The Syrian war has been felt around the world with the refugee crisis echoing outward to countries near and far.
Over half of Syria‘s pre-war population of 22 million has been displaced either internally or abroad. In camps throughout Idlib governorate in Northern Syria, millions of internally displaced people (IDPs) live on the outskirts of cities and towns still outside of the regime’s control, many of them displaced several times over. With the regime closing in on these areas, Syria’s neighbors are bracing themselves for perhaps the largest wave of refugees yet.
But mainstream coverage of the refugee crisis often omits the fact that displacement of Syrians from their homes en masse is not merely a tragic consequence of the war—it is a goal in itself. The migrations seen since 2011 are the result of a deliberate strategy by the Assad regime to depopulate strategically important areas of their Sunni inhabitants and resettle those areas with groups loyal to the regime.

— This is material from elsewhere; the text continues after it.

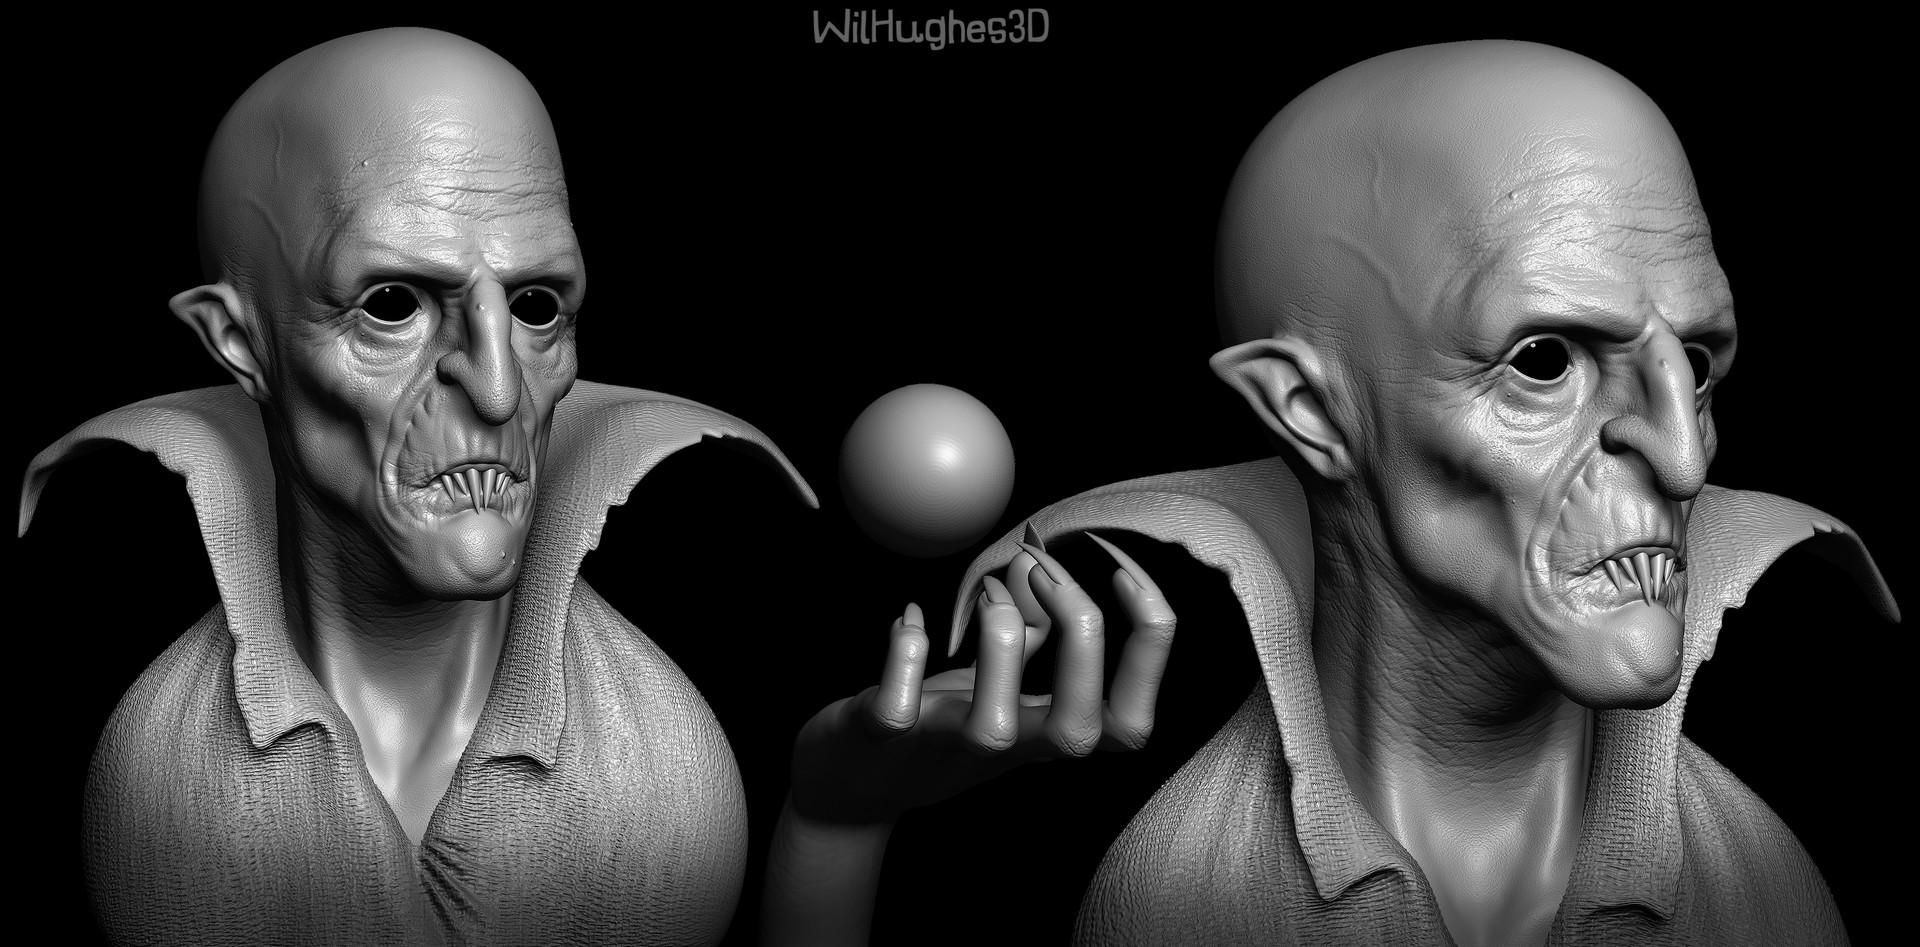 Wil hughes vampire sculpture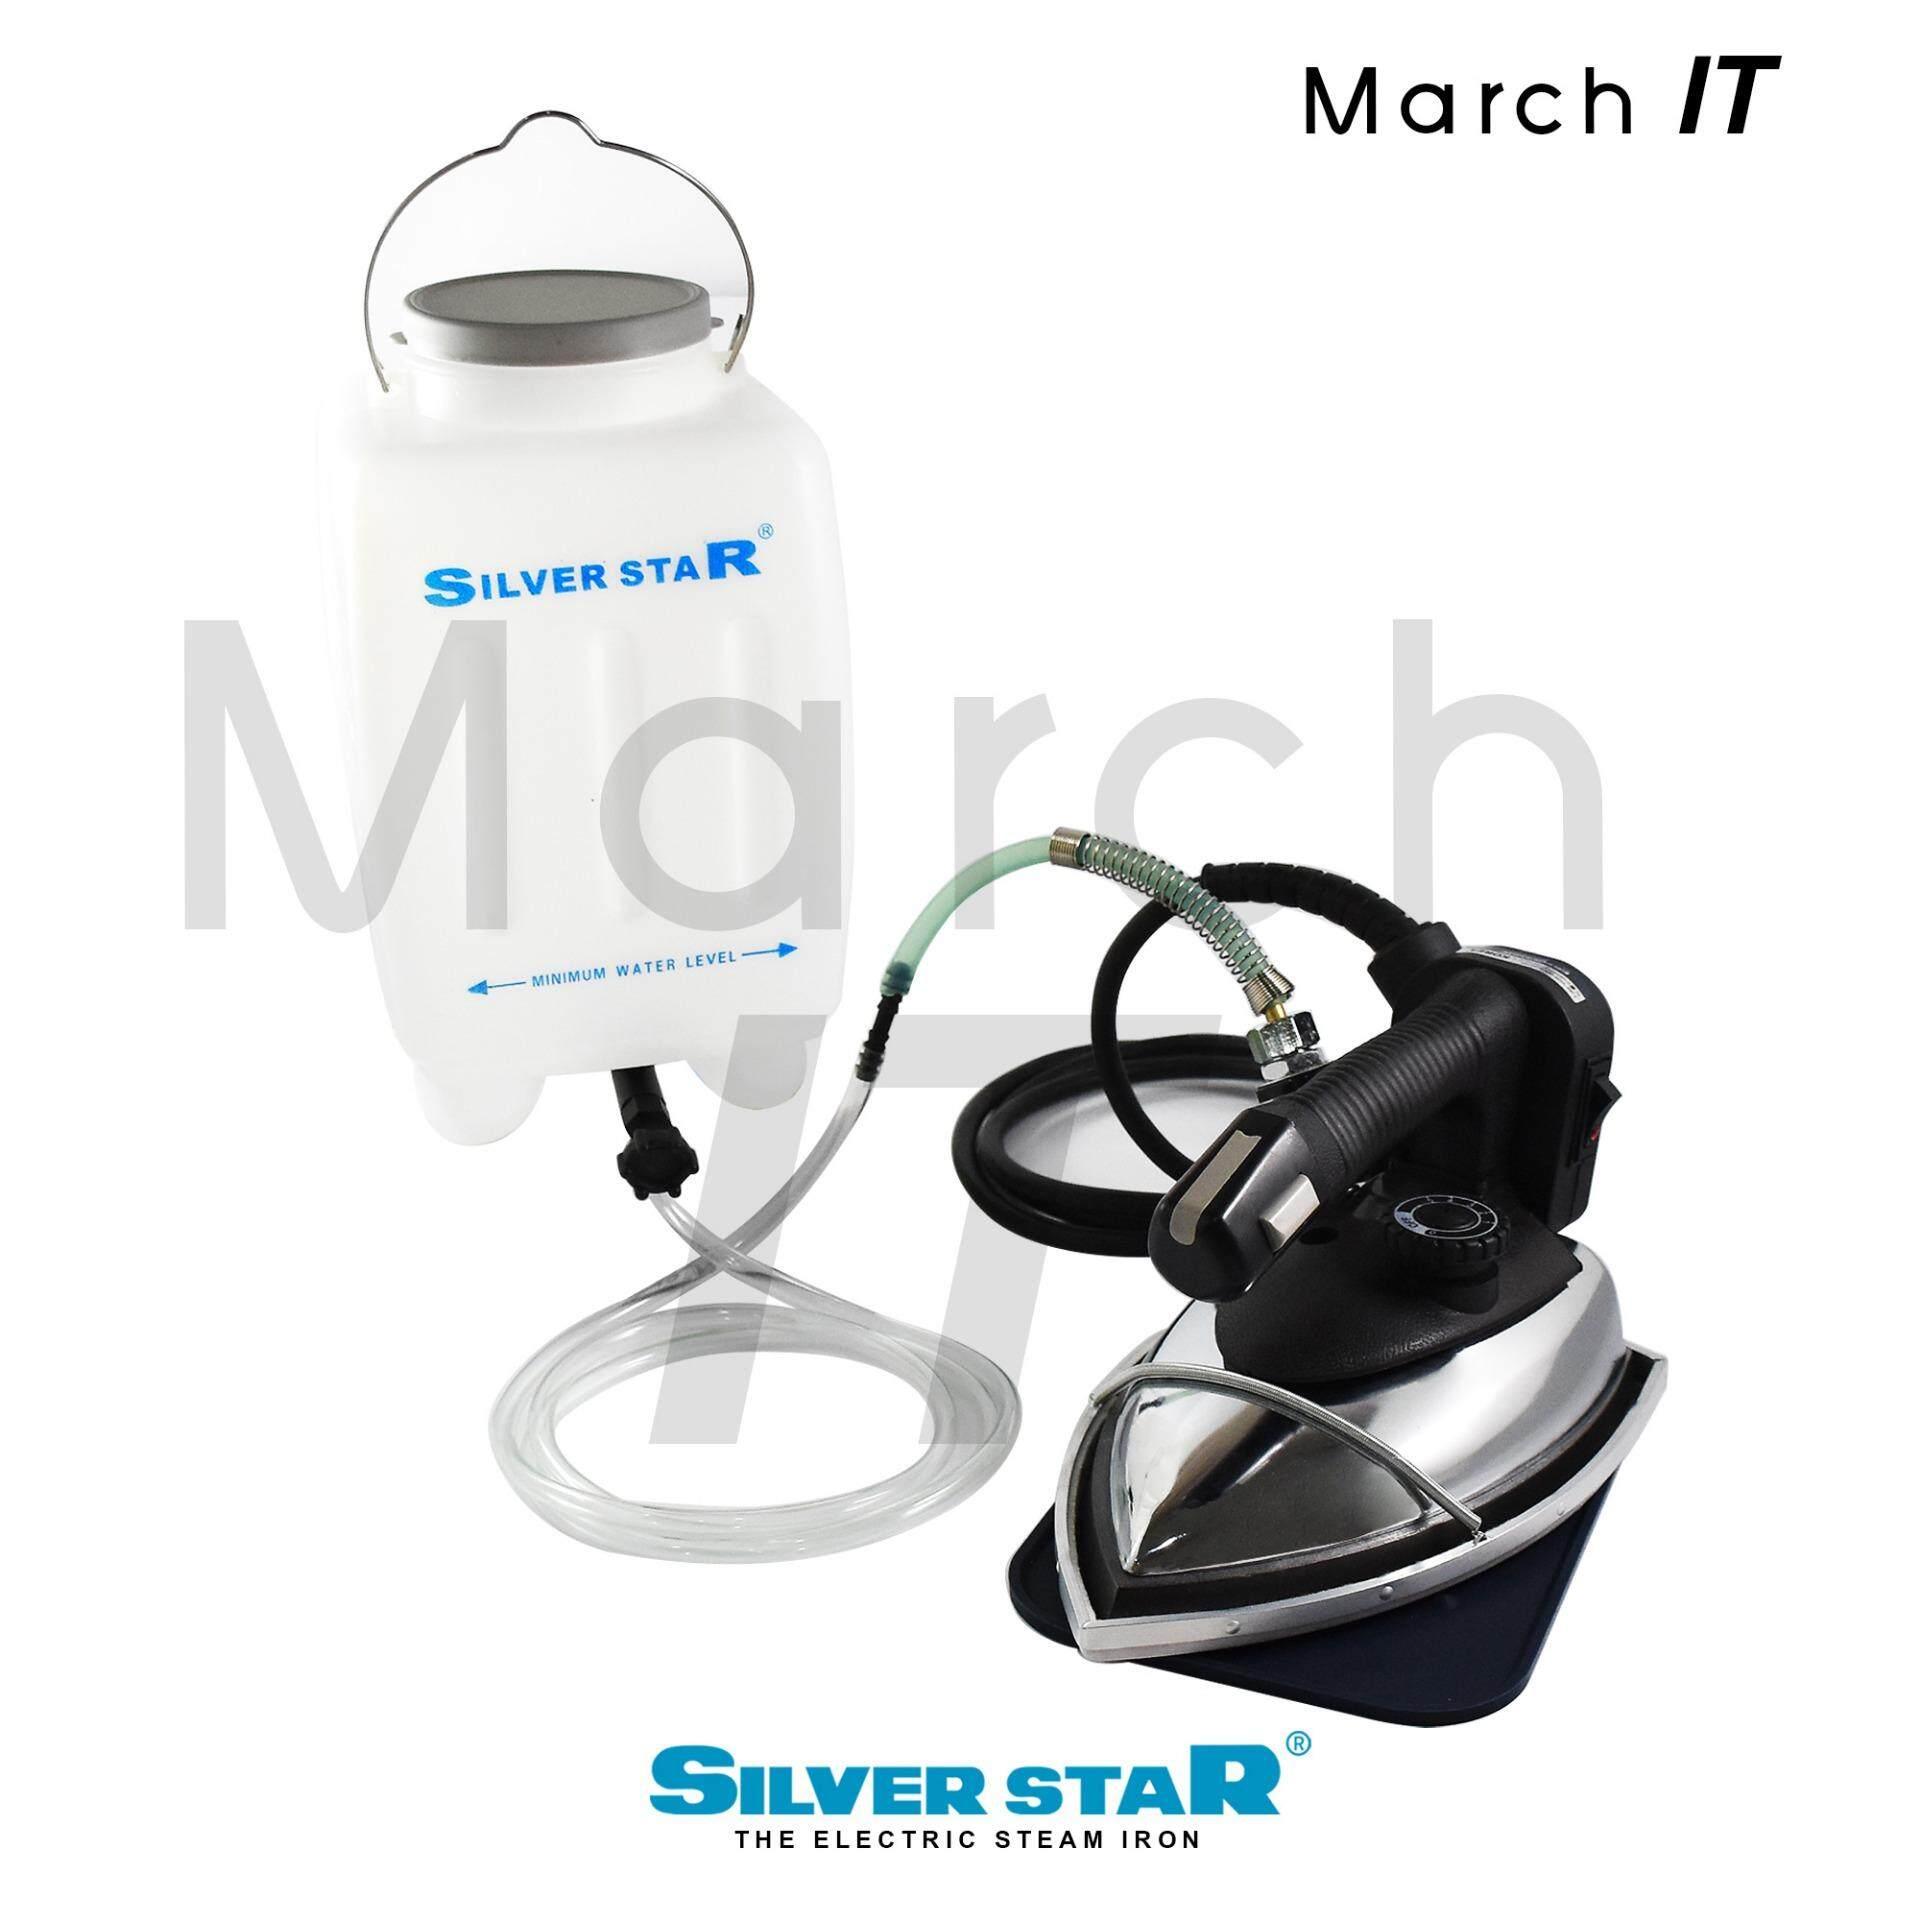 "SILVER STAR เตารีดไอน้ำ กระปุกน้ำเกลือ ""หน้าใหญ่"" เตารีดน้ำเกลือ ขนาด 227x138 มม. รุ่น ES-94AL แถมฟรี! แผ่นรองเตารีด"

Over the course of the war, a familiar pattern has emerged. As in Aleppo, Ghouta, and other cities throughout central and southern Syria, the regime and its allies lay siege, sometimes for years, to the Sunni-majority cities, towns and neighborhoods from which the opposition draws its support. Eventually, when opposition forces can no longer hold out, the regime offers the opportunity for both fighters and civilians to evacuate as it retakes the area. Following these evacuation deals, the (mostly Sunni) IDPs flee in droves to opposition-held territories, fearing that they will be detained, conscripted, disappeared, or killed when the regime returns.
This strategy has dramatically shifted Syria’s demographics, and will have serious implications for the country’s future long after the fighting has ended. The overall effect of these forced migrations has been a large-scale shift of Sunni populations out of Syria’s major central and coastal cities – the region the regime considers “essential Syria” – and into the smaller cities and rural areas to the north and east. Historically, the Assad regime has drawn its support from the country’s minority Alawite population, which dominates the country’s military and political leadership, while support for the opposition has been primarily Sunni. As the regime recaptures neighborhoods, it encourages Shi’ites – including foreign militants – to settle there with their families. Even the Assad regime’s approach to reconstruction is designed to marginalize those seen as disloyal to the regime, with new laws making it nearly impossible for those who fled to reclaim their property if they return. With these steps, the regime has insulated itself by pushing Sunni populations out of Syria’s urban centers and coastal areas and discouraging them from returning, thus making it less likely that a revolt would find fruitful ground there in the future.
This issue has taken on renewed importance as the international community has largely accepted that the regime will win the war, and some of Syria’s neighbors have begun repatriating refugees. Feeling squeezed by domestic political and economic stresses, many host countries are eager to see these refugees returned, and the regime and Russia have readily promoted the narrative that it is safe to come home. But, as geopolitical pressures contrive to hasten the war to an end, there is a grave risk of further entrenching the divisions the regime has drawn.
The international community must not forget Assad’s hand in orchestrating the refugee crisis, or his motivations for doing so. Repatriating displaced Syrians and normalizing the regime before the fundamental causes of the revolution are addressed would be unwise and unfair; the regime has no intention of reintegrating these people into the country when it has spent years working to marginalize them. And while there is a great need for international humanitarian aid to rebuild Syria’s infrastructure, any assistance must come with strict stipulations for the treatment of returned Syrians and the use of the funds – the U.S. and Europe must not fund efforts that further entrench the segregation of Syrians by sect and loyalty. While the current US policy of withholding aid on the condition of a political transition is unrealistic, the aim is sound: the United States should not be party to the Assad regime remaking the country to its political benefit.